Los guerreros se transformaron, cuan príncipes en sapos, en canelos de tomo y lomo. Saltaron a la siguiente justa con la cabeza llena de sueños e ilusiones y se olvidaron de lo más importante: pelear. No fueron capaces de hacer lo que hasta ese momento estaban haciendo bien, y perdieron la cabeza. La batalla contra los visitantes del reino de Malacitas se tornó en una serie de despropósitos que dejó descontentos a los aldeanos que acudieron a presenciarla, no por pocas razones.

La primera de todas fue por la ingenuidad que los caballeros, tornados en canelos, demostraron en el envite. A sabiendas de que el juez de la partida tenía un historial delictivo de sanciones a tener en cuenta, le hicieron el juego y le protestaron las decisiones "imparciales". El resultado fue desastroso, ya que uno a uno fueron enfilando el camino a los aposentos a darse un baño caliente antes de tiempo.

La segunda de las razones fue que se perdió una oportunidad de oro para casi dejar zanjada la odisea en la que estaban inmersos y acumular tres puntos que casi certificaran la permanencia en justas futuras. Un hecho que trastocaba los planes futuros, ya que al final se iba a tener que depender de épicas mayores al tener que derrotar a enemigos, a priori, más potentes, como los pertenecientes a los condados de Hispalis, Catalonia o Madrides.

Pero lo que realmente enervó al vulgo no fue la bruja, ni tampoco la candidez de los canelos ataviados con el sayo rojo. Lo que hizo que los ánimos alcanzaran la temperatura de las ascuas de una buena fogata de invierno fue el papel del supuesto juez, convertido por méritos propios en un auténtico idiota que se dedicó a sacar sus sables amarillo y rojo y decapitar, uno a uno, a los contendientes de nuestro bando. Algún daño colateral en el enemigo también hubo, pero insignificante para el resultado final. Un idiota con ganas de protagonismo que se convirtió en el bufón más grande de las cortes del mundo mundial. Un idiota cuyo apellido asemeja al zapatear de los corceles (Clos, Clos, Clos) pero cuyo papel fue más parecido a las boñigas que despiden los mismos. Un idiota que echó por tierra las promesas de la bruja, el trabajo del paladín y la alegría de los canelos.

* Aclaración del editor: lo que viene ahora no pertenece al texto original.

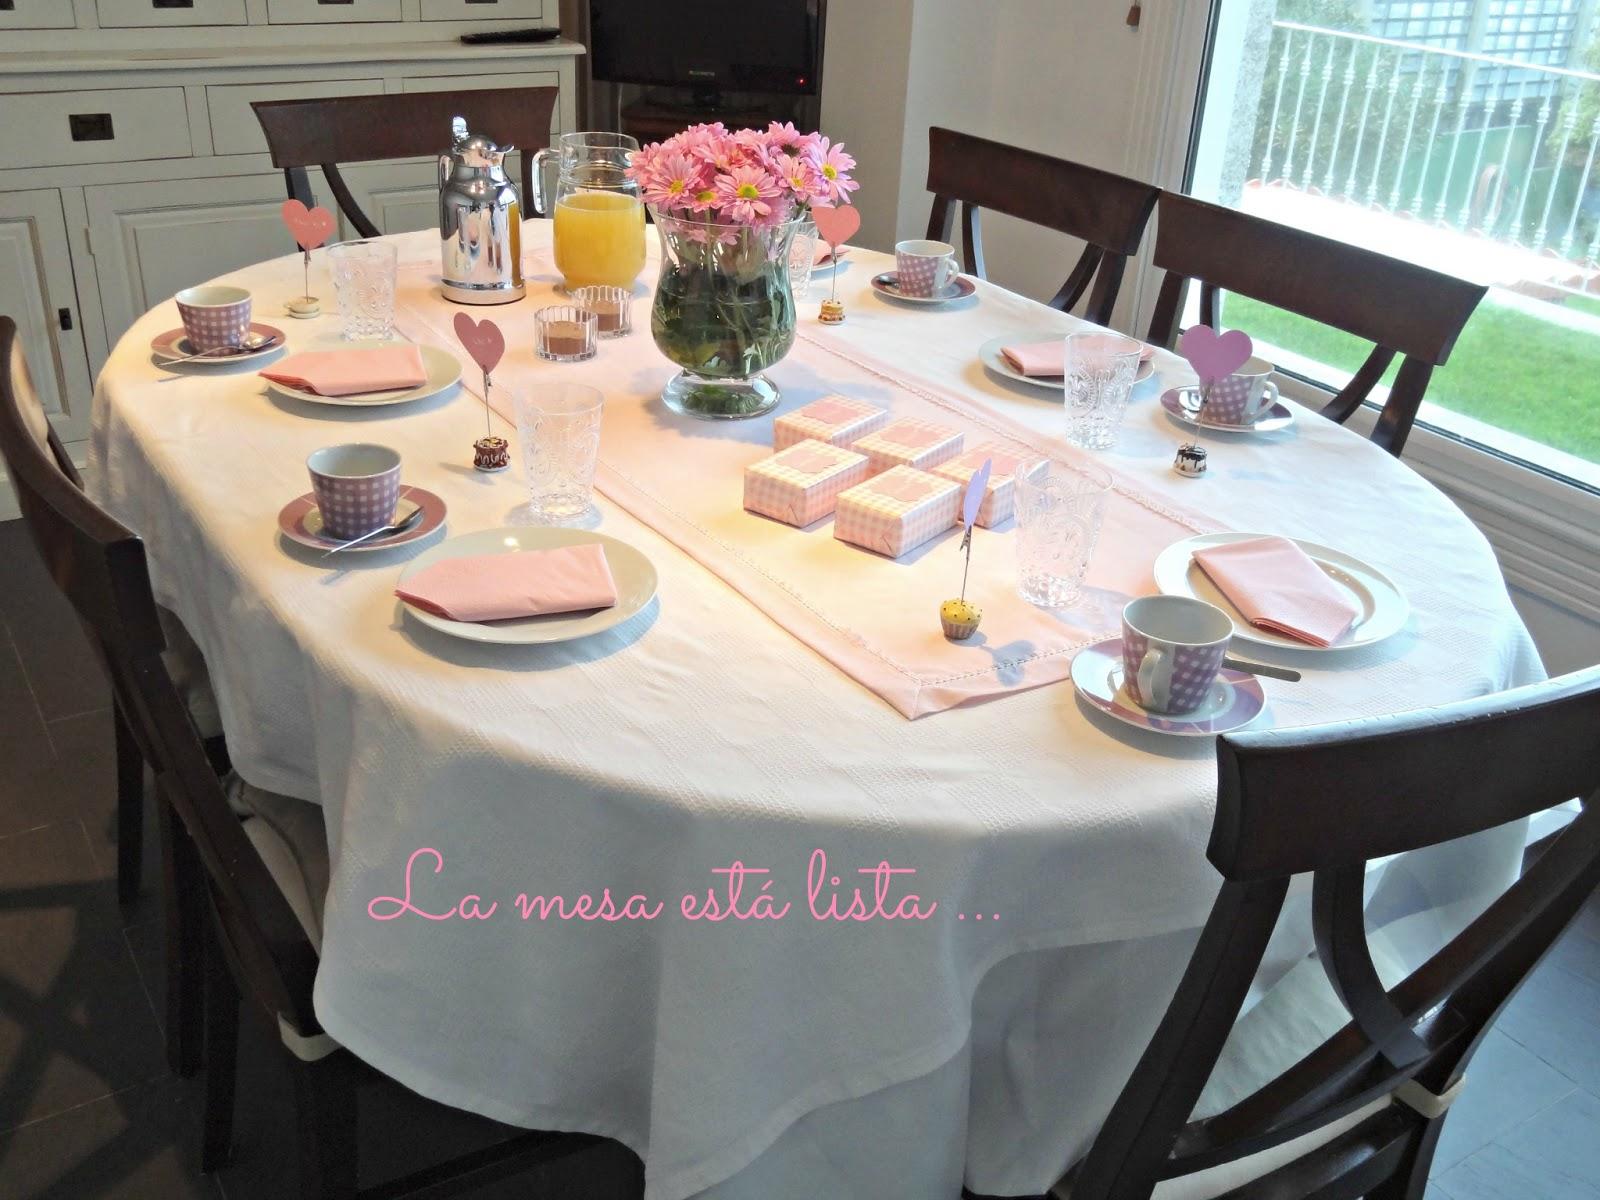 Celebra con ana compartiendo experiencias creativas for Mesa desayuno

Como no todo en esta vida se pierde en una batalla, esperemos que los guerreros rojillos olviden el mazazo y sepan reponerse para la siguiente afrenta. Lo que importa es la guerra, y la siguiente contienda se celebrará en campos pucelanos de la ancha Castilla. Hasta entonces, recemos para que se vuelvan a centrar en lo que saben hacer, oremos para que se armen de valor, acierto, puntería y malicia para lograr la victoria. Y apostemos por que se dejen de cuentos y sumen un triunfo que nos acerque a la meta ansiada. Todo teniendo en cuenta que desde la capital del reino seguirán bombardeando nuestras alacenas morales con el envío de bufones con pito. Todo sea por ser fieles a los de rojo.

¡Hasta la muerte, Forofillo hasta la muerte!